If you find a feral cat or litter of kittens in your backyard, you can help them survive the winter with a few easy steps.

COLUMBIA, S.C. — Everyone needs a shelter, a home, or even a temporary home ... and that includes stray cats right here in the Midlands.

"They have those for situations like today where it's pouring rain," cat shelter creator Claire Becraft said. "It helps keep them out of places like crawl spaces. 

"Also, real young kittens will sometimes crawl up and get in car engines and you won't know." Becraft said. That's why on cold and rainy days, it's good to get into the habit of knocking on the hood of your car to make sure there are no stray cats underneath before turning the engine on. 

RELATED: Here's how you can help stray cats as the weather gets colder

Local cat shelter creators say it's best to use wheat straw inside the shelters because it deflects moisture and can stay for about six months before having to be changed out. They're sometimes lined with cardboard underneath, too, and often placed in a discreet area, off the beaten path.

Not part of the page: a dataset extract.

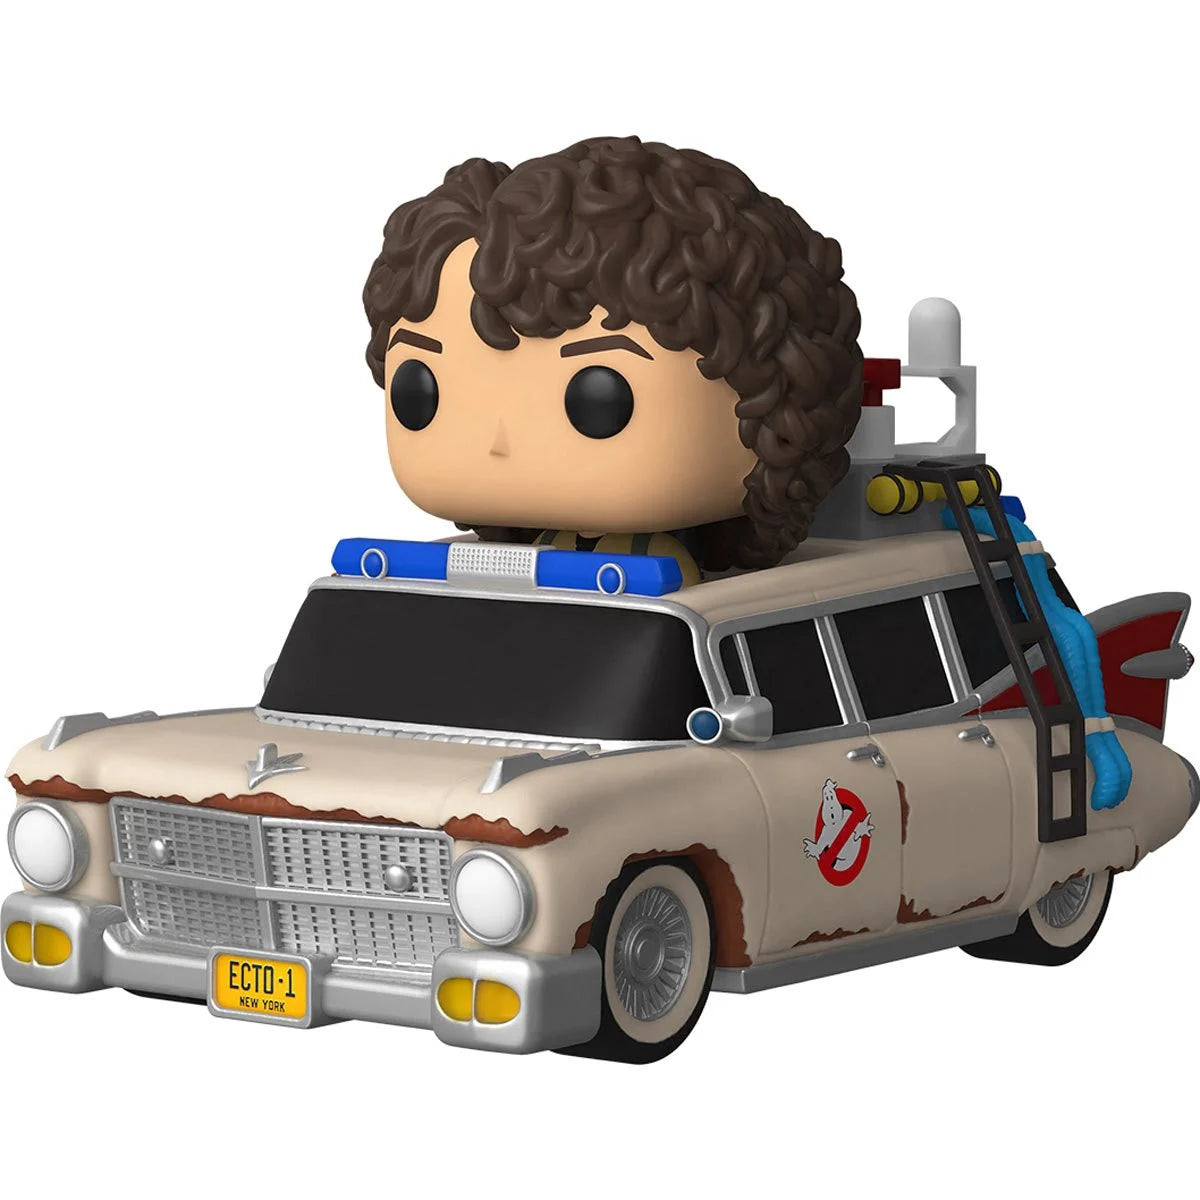 Funko Pop! Ghostbusters 3: Afterlife Ecto-1

"I will drill a hole in a large, sterilite container, something that's three-feet by two-feet and make a circular entrance on one end and then the same thing on the other end, and duct tape around that," Becraft said. "It is a sharp edge once you cut the hole." 

There are dozens of these shelters all across the area for cats to use, and the materials are pretty affordable, too. 

RELATED: Local humane society needs volunteers to cuddle cats

"She, and myself and a lot of other people will make little shelters from various materials," Jenifer Prince said. "Usually either an actual cooler, an old, unused cooler or we'll make them from plastic tote bins and Styrofoam coolers and we use straw to insulate them."

Don't use blankets or towels, because those can freeze and then stick to the cat. 

"They didn't choose to be left out on the street or born out on the street and if they are a nuisance to us then it's a community problem and as a community it's up to us to deal with it in a humane and kind way," Prince said.

For more details on how to create these shelters, you can visit Pawmetto Lifeline.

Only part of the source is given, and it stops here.